It’s time to get ready for the archery elk and deer hunts.

Both hunts start in Utah on Aug. 20. That day might sound like it’s a long way off. But if you want to have a fun and successful hunt, you need to start preparing now.

All of the permits to hunt during Utah’s archery buck deer hunt have been taken. But archery elk permits, which go on sale July 27, are unlimited in number, so there’s no problem getting one.

“With unlimited archery elk permits available,” says Scott Root, “you should consider introducing yourself to archery hunting this fall.”

In addition to serving as a conservation outreach manager for the Division of Wildlife Resources, Root is an avid archery hunter. “Archery hunting is extremely enjoyable,” he says, “if you’re prepared.”

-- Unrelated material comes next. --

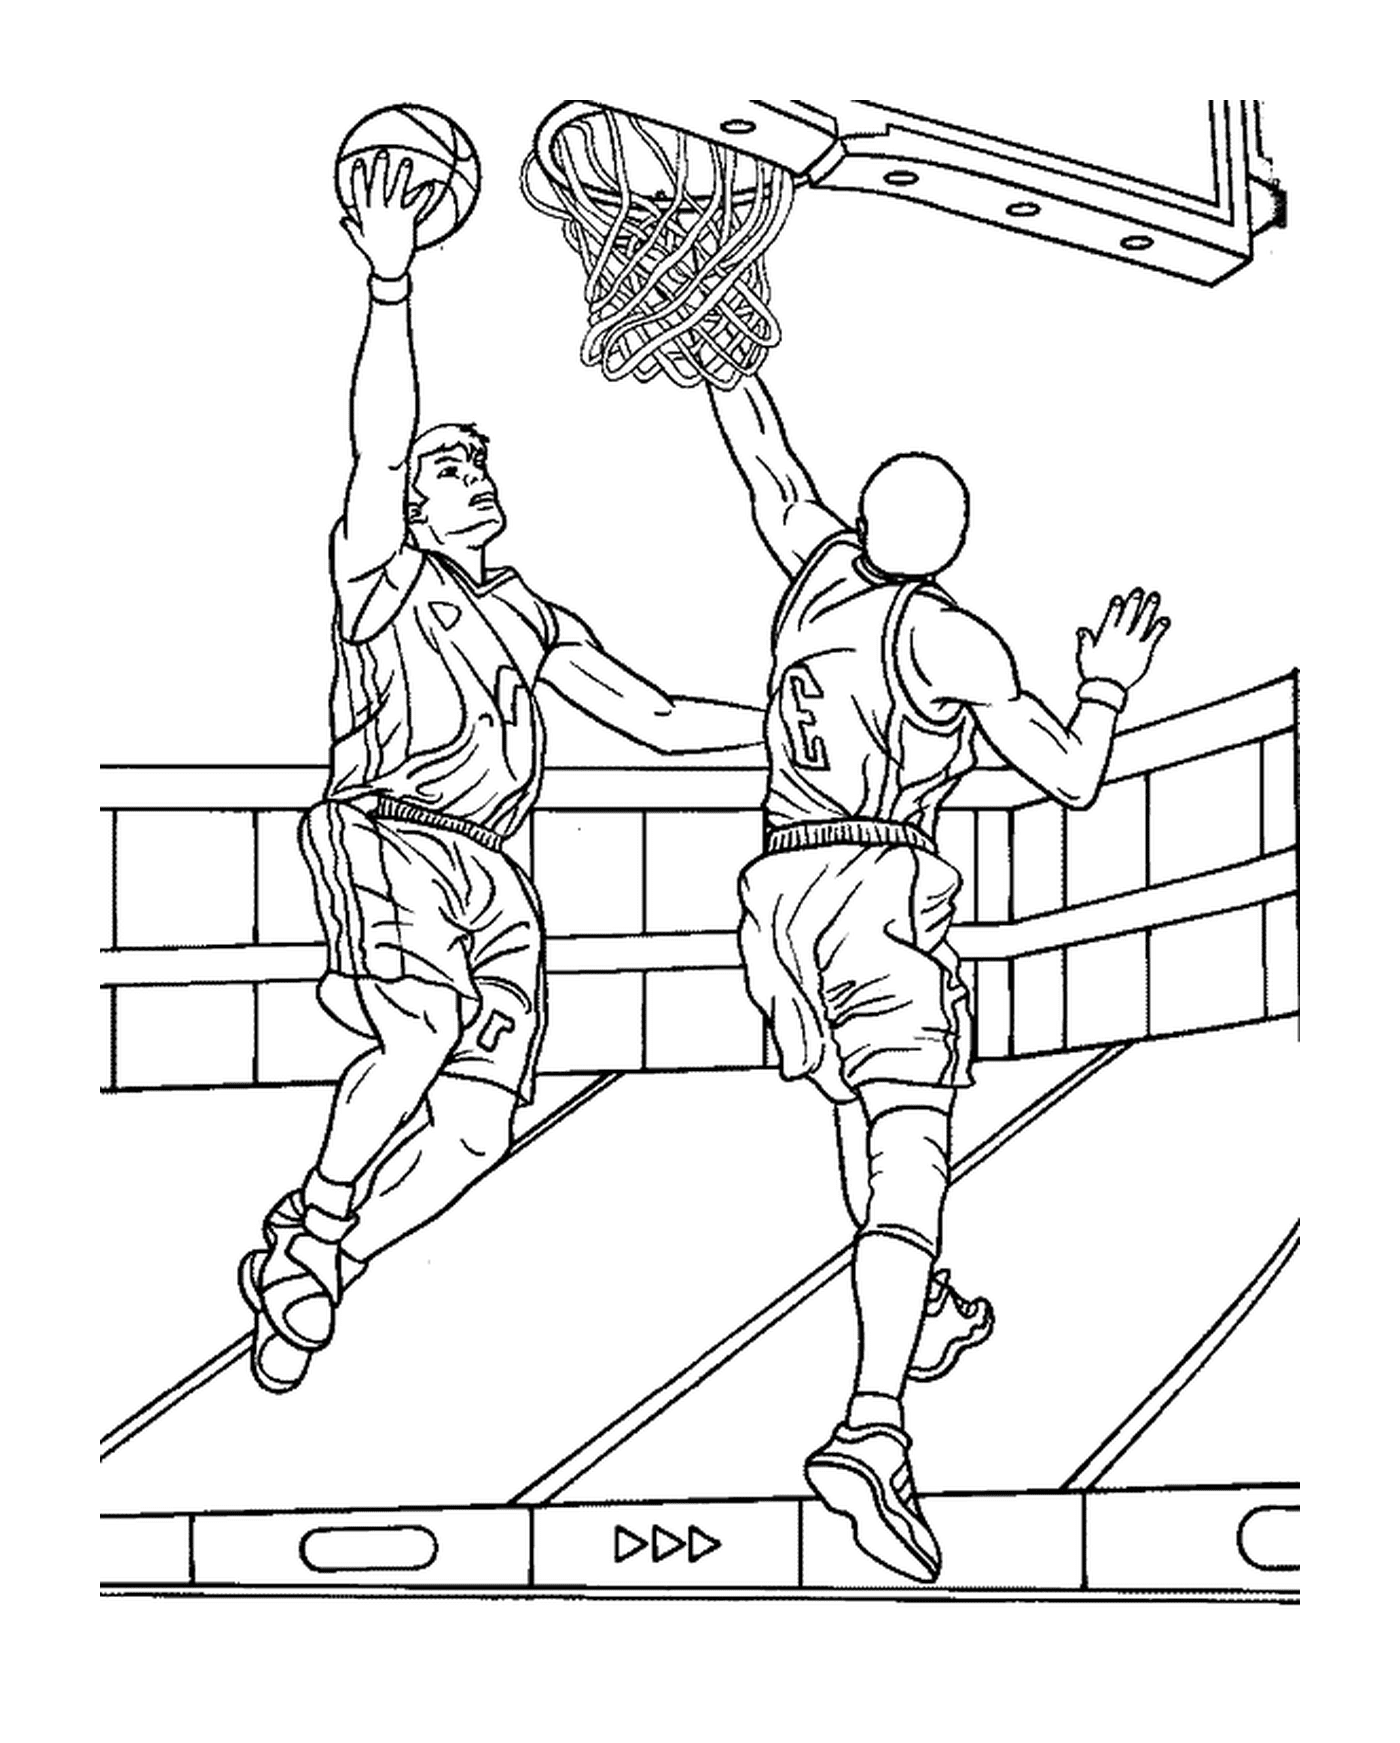  O jogador de basquete vai marcar uma cesta apesar do defensor

Root provides some tips to help you prepare for this fall’s hunts:

Shoot, shoot, shoot

Similar to rifle hunting, you have to shoot accurately to take an animal during the archery hunt. But unlike a rifle hunter, an archer must use stealth and patience to sneak within at least 50 yards of their prized target.

“Just like with golf,” Root says, “a lot of frustration can result if you haven’t honed your skills. You need to practice shooting until you’re as accurate as you can be.”

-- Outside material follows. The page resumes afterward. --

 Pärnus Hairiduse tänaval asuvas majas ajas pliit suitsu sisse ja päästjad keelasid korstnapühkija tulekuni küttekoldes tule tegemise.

Root says right now is a great time to start practicing for the August opener. “If and when a big game animal presents itself,” Root says, “you want to make sure you make an accurate shot.”

Get written permission

If you’d like to hunt on private property, don’t wait until a few days before the hunt starts to try to get written permission from the landowner. “Get that permission now,” Root says.

Hunting checklist

Even after you’ve honed your shooting skills, you can still make mistakes. Many of those mistakes happen when hunters forget some of their equipment and try to make due without it.

“Most hunters have left their release mechanism, their range finder or appropriate clothing at home at least once in their life,” Root says. “Almost any archer can share at least one frustrating story about leaving something at home.”

Having an archery hunt checklist — a list that shows all of the items you need to take on your hunt — is the key to not leaving something at home.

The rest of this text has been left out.